Мостки под босыми ногами поскрипывали и иногда прогибались. Но Кора наизусть ставила ноги, много набегано ими за время дождей. То зерен выпросить у Теньи, то посмотреть на новорожденного и поздравить, чтоб получить обязательный подарок от охотника, ставшего отцом. Или просто рассказать соседкам о том, что видела и о том, что придумалось, если видела немного. Никто из деревенских не бегал по мосткам так часто, даже дети, тех матери строжат, а Кора сама мать, и вдова – ее строжить некому.

Шла она быстро и осторожно, прижимая к груди завернутые в тряпье Вещи. Одна покалывала кожу холодным кончиком, проклюнувшим тряпку, другая приткнулась кругло и тяжело. Кора, боясь уронить, нащупывала пальцами ног жерди попрочнее и не подходила к перилам. Хижина ее темнела впереди неровным углом из-за веток и Кора обрадовалась, что темно. Нет мальчишек, разбежались. Старший, наверное, с дружками, может курят, бездельники. Младшие – близнецы, как всегда, у Теньи. У той своих четверо и еще двое не объедят. Кора их сама отправляла и одежки надевала похуже, Тенья женщина жалостливая, а то, что она скажет про мать в сердцах гадостей, ну так что ж, от Коры куски не отвалятся, зато дети сыты и спать Тенья их всегда уложит…
Мостки хлюпали. Тут, у самой хижины, нависшей проваленным краем крыши, сверху всегда текло и дерево пропиталось небесной водой. Хорошо бы заставить старшего починить навес, но разве же он мать послушает. Усмехнется и нет его.
Кора потянула на себя дрожащую от старости дверь. Конец распустившейся веревки запутал пальцы и она постояла, пожимаясь от ночного холода плечами, – не отпуская прижатого к груди свертка, шевелила рукой, стряхивая веревку.

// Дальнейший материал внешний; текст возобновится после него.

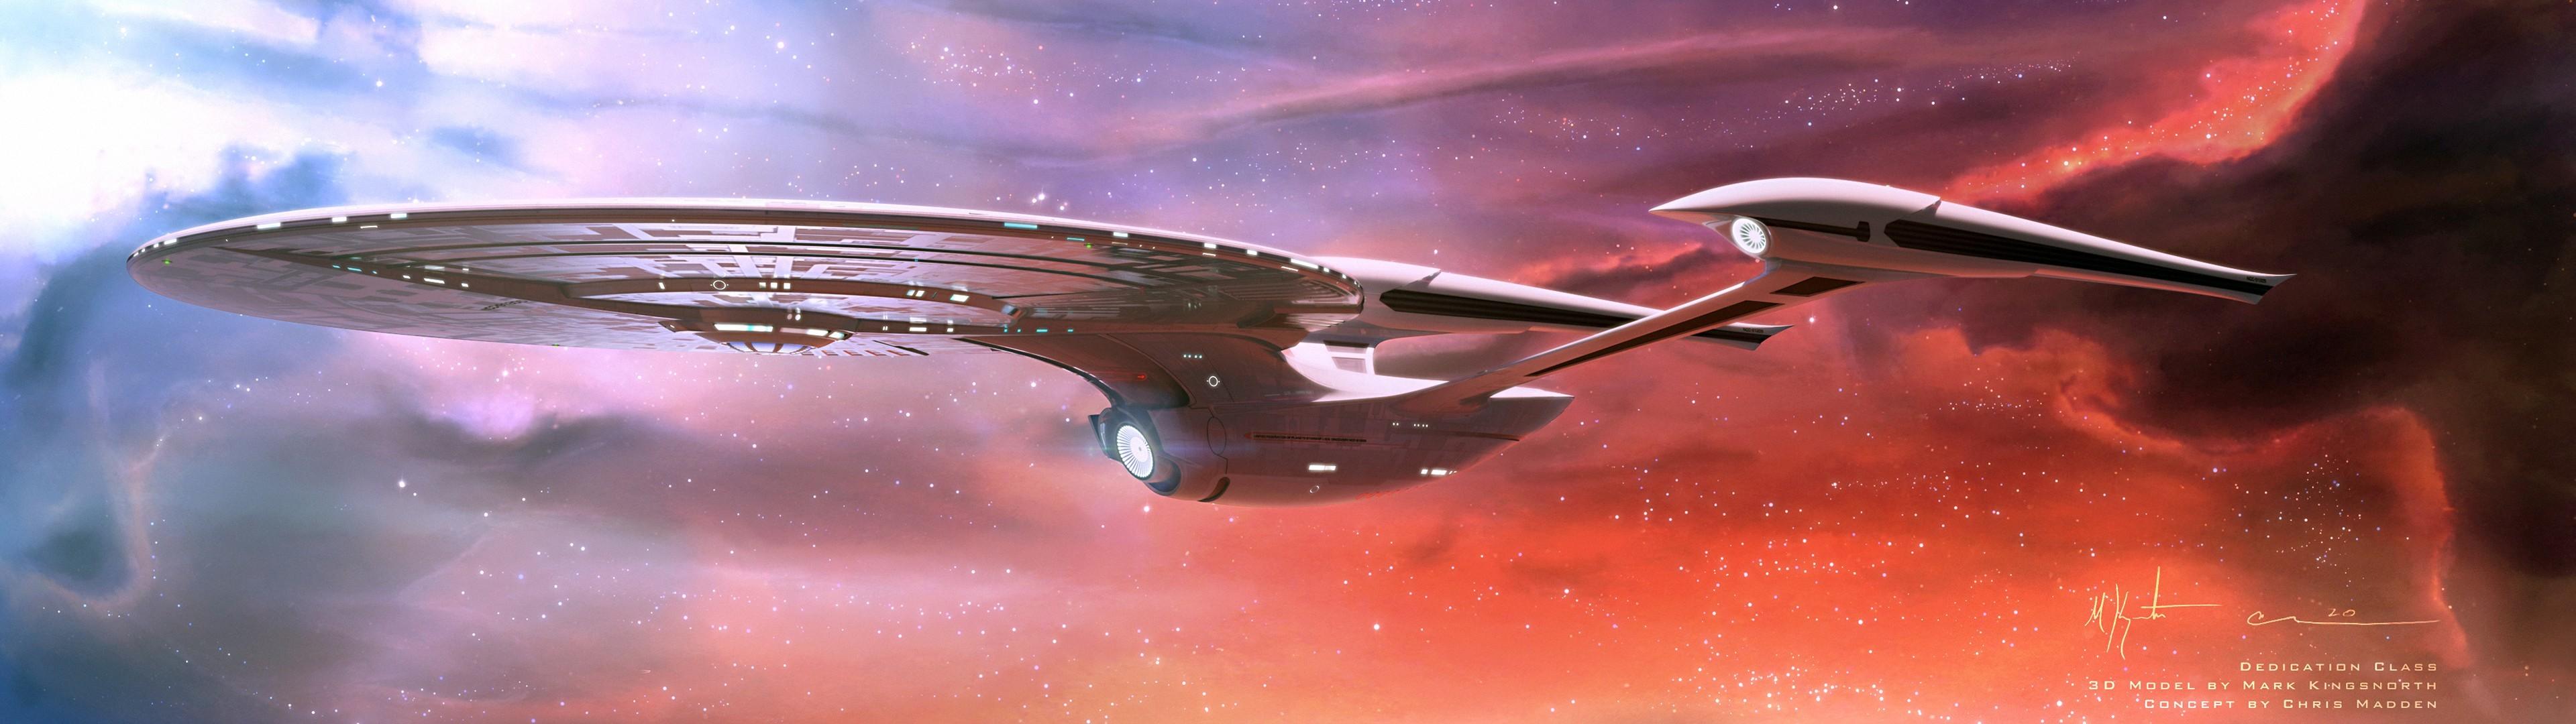 104 Dual Monitor Star Trek

“Смотреть буду, одна”… Ступила в темноту. Постояла, все не решаясь положить сверток, но надо ведь разжечь очаг, а то вовсе темно. Опустившись на корточки, положила тряпку сбоку, у порога. Проползла, не поднимаясь с колен, к середине комнаты, нащупала под камнем очага сплетенную из лыка коробку. Достала черкушку и кусочек скреба. Откинула каменный диск с домика очага и чиркнула. Огонек осветил кучку полуобгоревших лучино. Вот хорошо, не надо идти в чулан за растопкой, видно, Корути убежал на праздник и очаг сам потух.

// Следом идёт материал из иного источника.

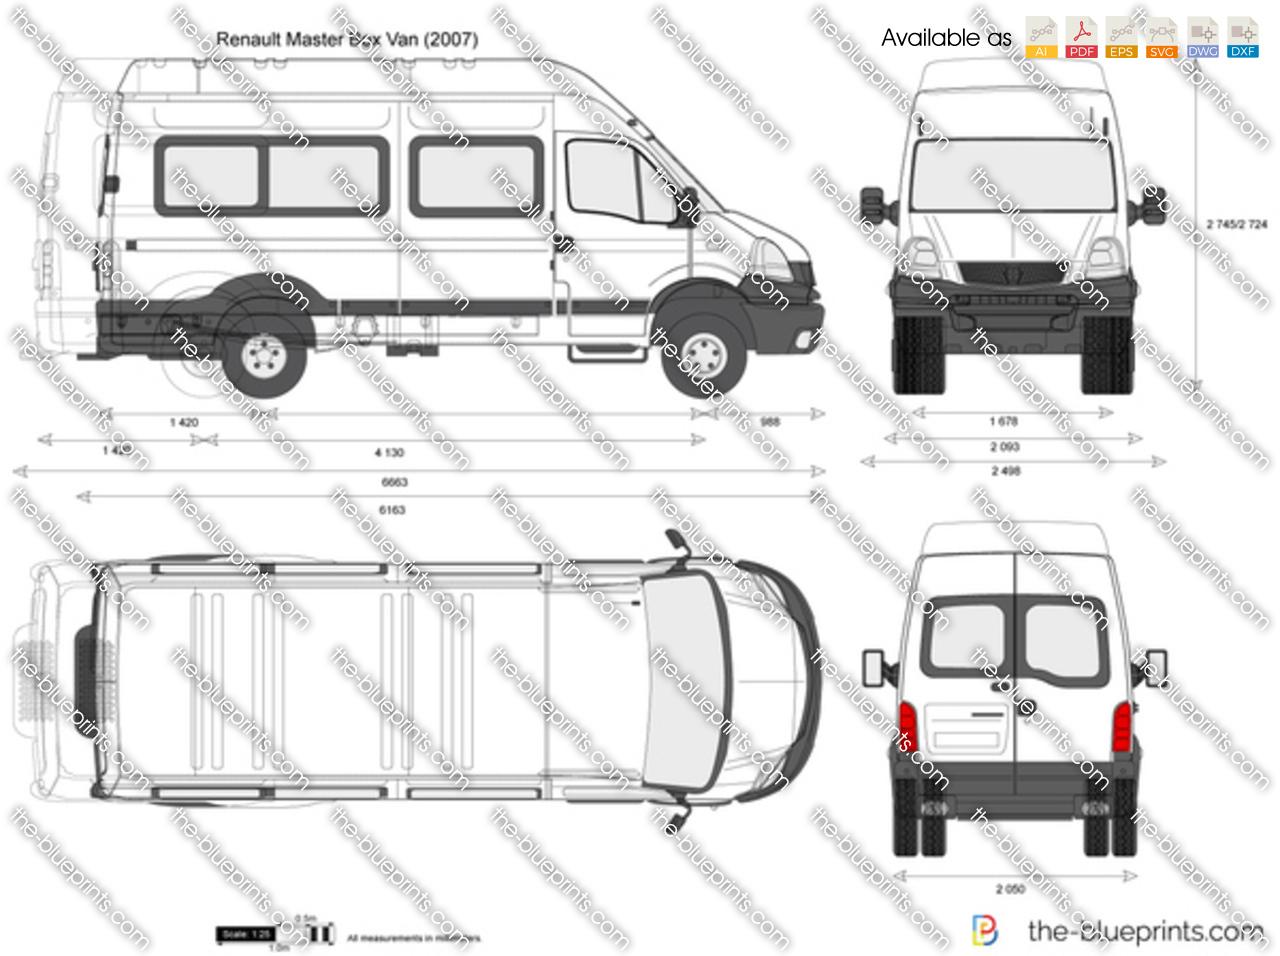 Renault Master Box Van 2004

Огонь, потрескивая, ел щепки и толстел, наливался прыгающим светом. Когда вытянул над квадратными камнями языки, разглядывая стены с черными полками и старые сундуки по углам, Кора оглянулась на сверток. Подойдя, взяла его и, не разворачивая, пошла к двери – запереть. И только убедившись, что сырая веревка закручена на несколько узлов, вернулась к очагу и села, скрестив ноги, натягивая на острых коленях юбку. Повернулась к свету, чтобы огонь тоже смотрел. И стала медленно разворачивать тряпье.
Огонь трещал, облизывая жарким языком толстое полешко. Красные блики плыли по круглому, размером с голову младенчика, прозрачному шару. И зажигались точками на светлом металле второй Вещи. Кора взяла тяжелый шар в руки и стала смотреть. В темных глазах, полуприкрытых нависшими веками, мелькали огоньки и такие же прыгали по шару, соскальзывали и снова взбирались по гладкому боку. Она вздохнула, потому что сердцу не хватало места в груди. Насмотревшись на шар сверху, приподняла его и стала разглядывать на просвет.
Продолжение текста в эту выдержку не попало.